Many processes that involve processing XML involve the "chaining" of XML technologies. In fact, some specifications, like XInclude, have been developed intending to be supporting pre-processing steps or layers upon which other XML specifications can rely. In all these cases, there are a number of technical issues that must be resolved for these chaining of processes to work together in a beneficial way. Still, we envision a world in which XML processes are chained together in this way, where some of the manipulations result from W3C standard operations, operations standardized elsewhere, or operations specific to a particular application--all of which work together to produce the final, correct result.
Within this paper we will outline the issues surrounding chaining XML processing that involves transclusion, transformations, and validations, with schemata and document infosets. We do not intend to propose a solution to these issues nor is this paper supposed to be a definitive list of all the issues. Essentially, the issues outlined are of a more serious fundamental nature to lay a foundation for chaining XML processing.
In certain cases some of the issues represent a philosophical question of which idiom one chooses. When we have formed an opinion we have stated the opinion as "Our Position" to offset it from the issue in general.

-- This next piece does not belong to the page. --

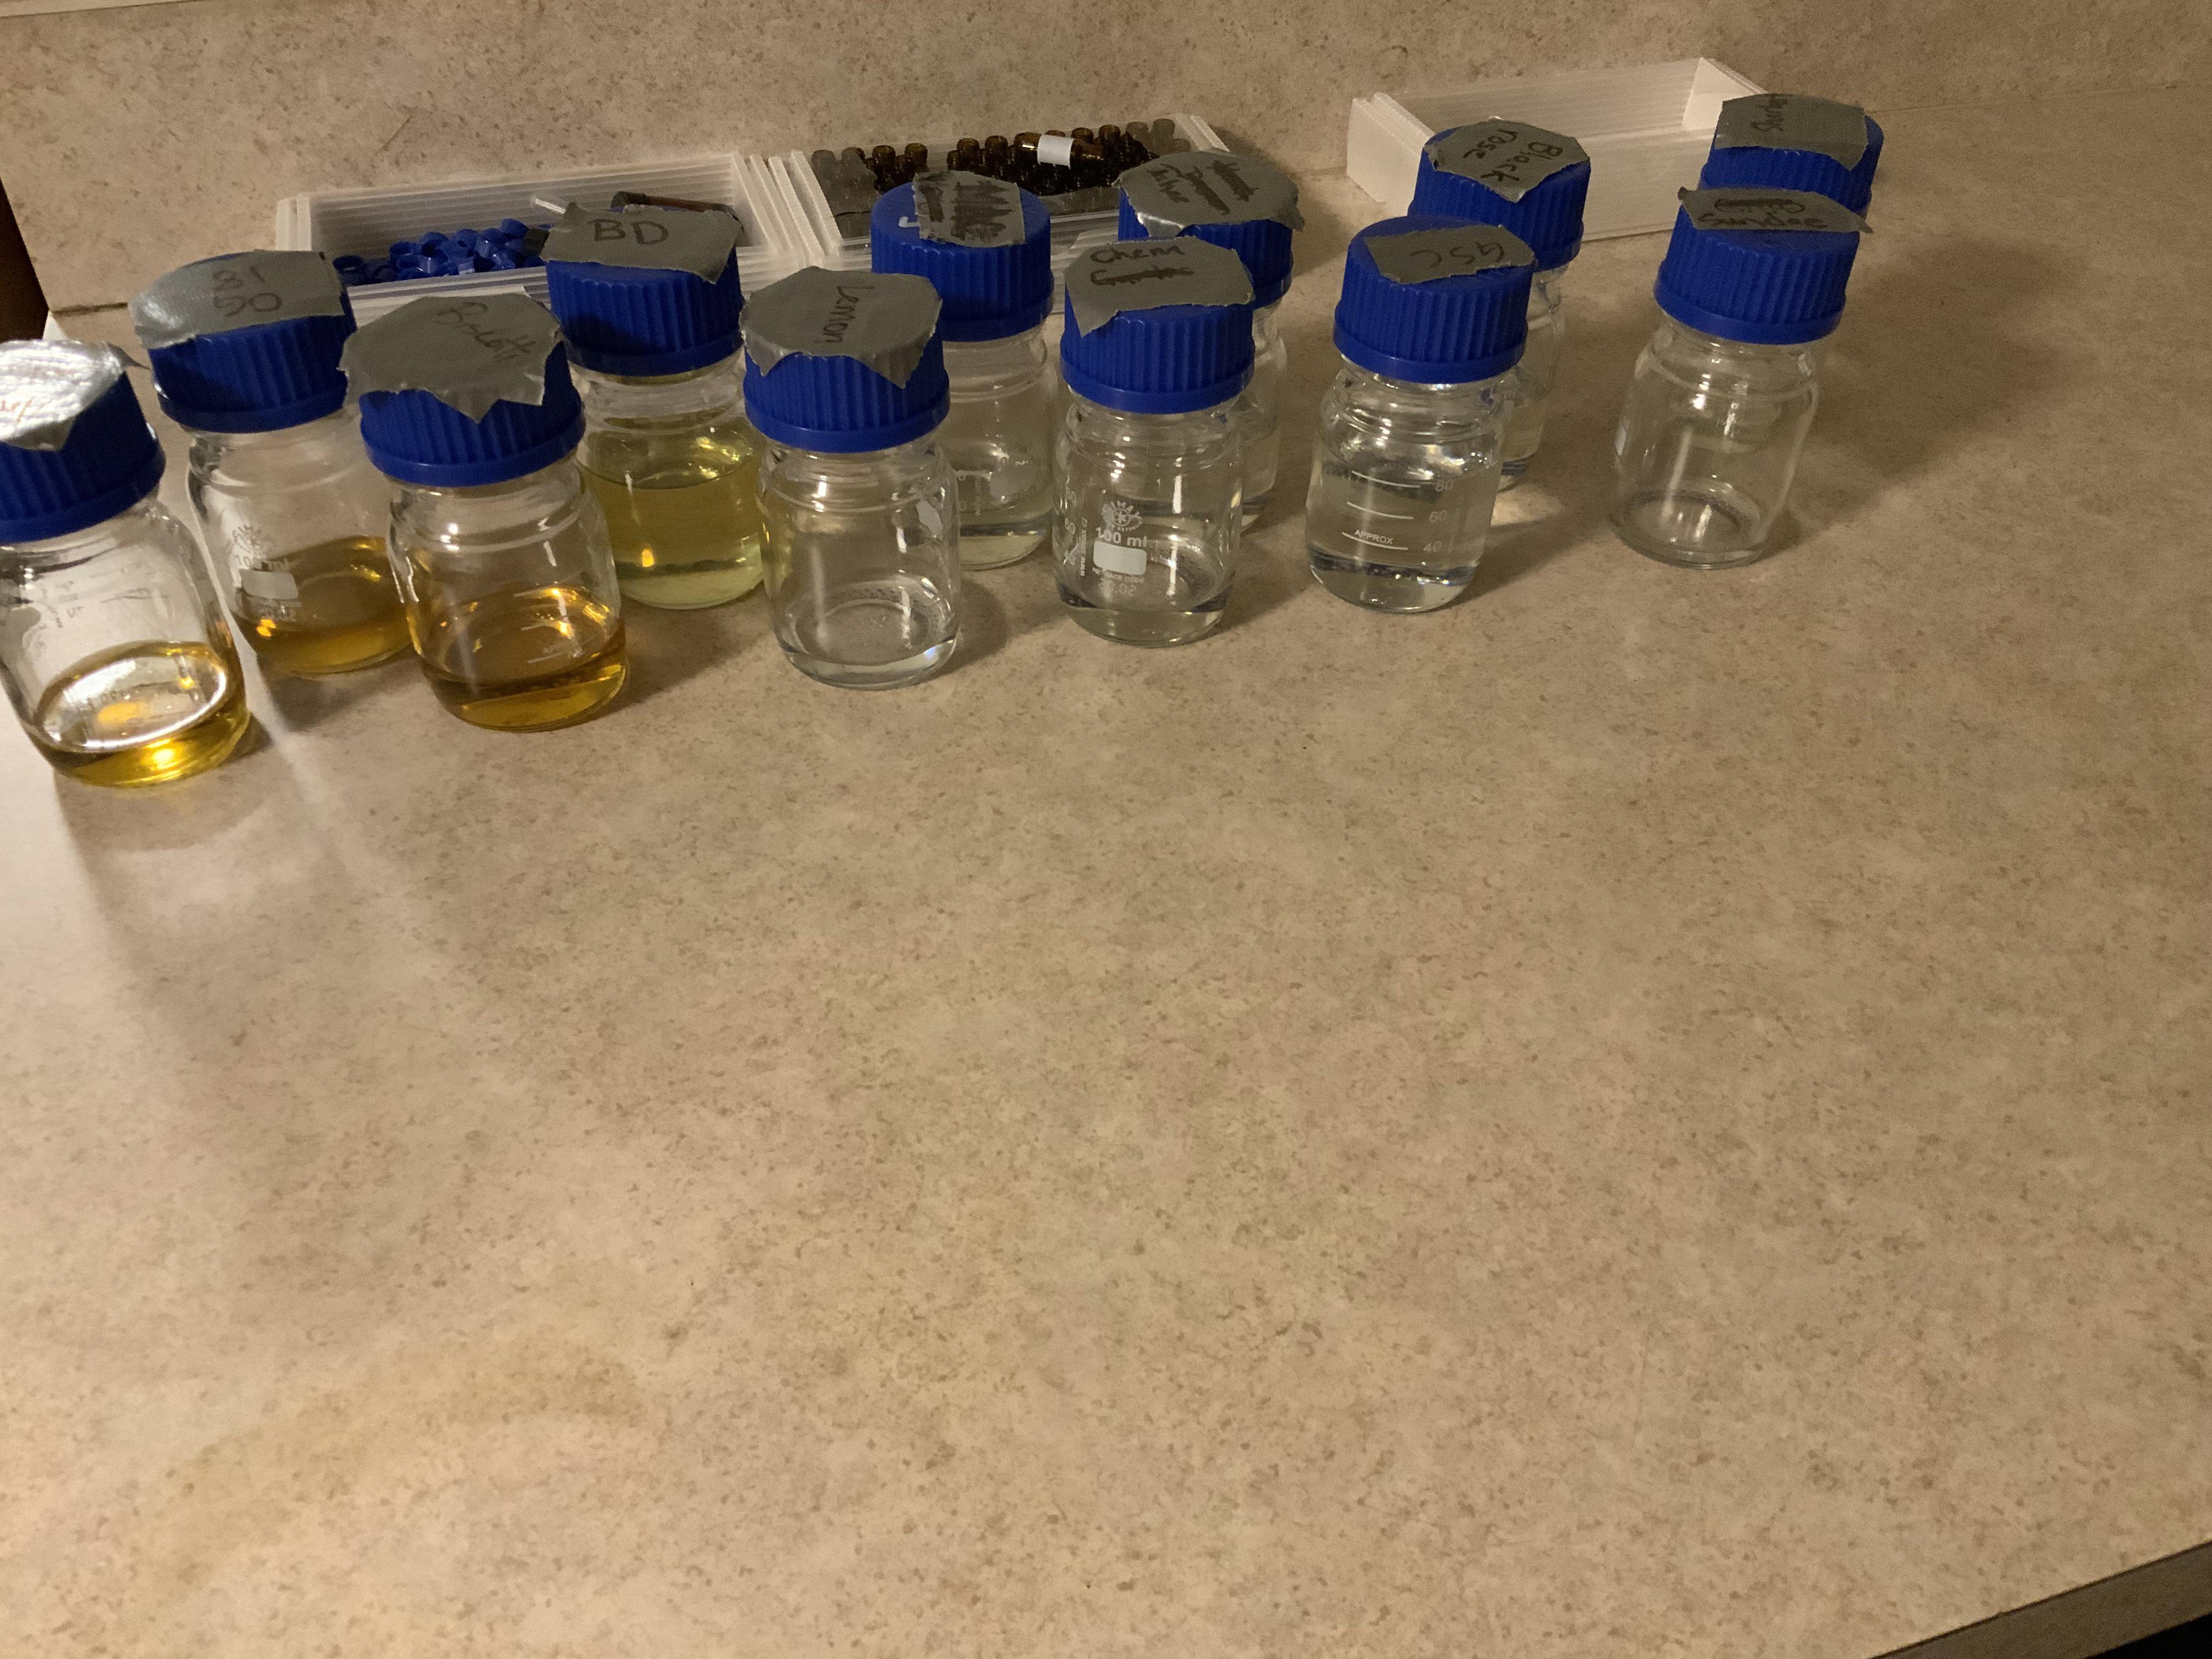 Terpenesraw in small bottles

It may be tempting to resolve questions relating to the interaction of chained XML technologies by declaring a fixed ordering. For example, XInclude must be processed before XML Schema and after XPointer resolution. This order would then be defined in some all encompassing and governing specification.
In contrast, one could say that this order is defined by a using application or user. This gives the using application the choice of order without violating a specification. A result might be that the original author of some XML instances may not get the desired result within some receiving application.
We believe any such fixing of the processing order to represent a mistake. One of the main justifications for this position is an understanding that the advantage to XML technologies, and in particular to defining certain XML technologies using XML, lies in their flexibility. Thus, if there were a fixed order, we have lost flexibility and installed a rigid framework for processing instead. For example, if XInclude were to be fixed in the processing sequence to fall between XML parsing and schema validation, there would be no compelling reason to adopt it over external entities besides a preference of syntax.
When XML processing steps are chained in flexible ways, infosets flow from one step through the next, building on what happened at each step. Flexibility of chaining leads, as a matter of reasonable software engineering practice, to permitting the components for each step to operate as independently of global context as possible.
A general consideration is that given an infoset and an XML process step, you have to be able to either (a) perform the process or (b) not, because the infoset lacks what you need, and (c) tell the difference easily.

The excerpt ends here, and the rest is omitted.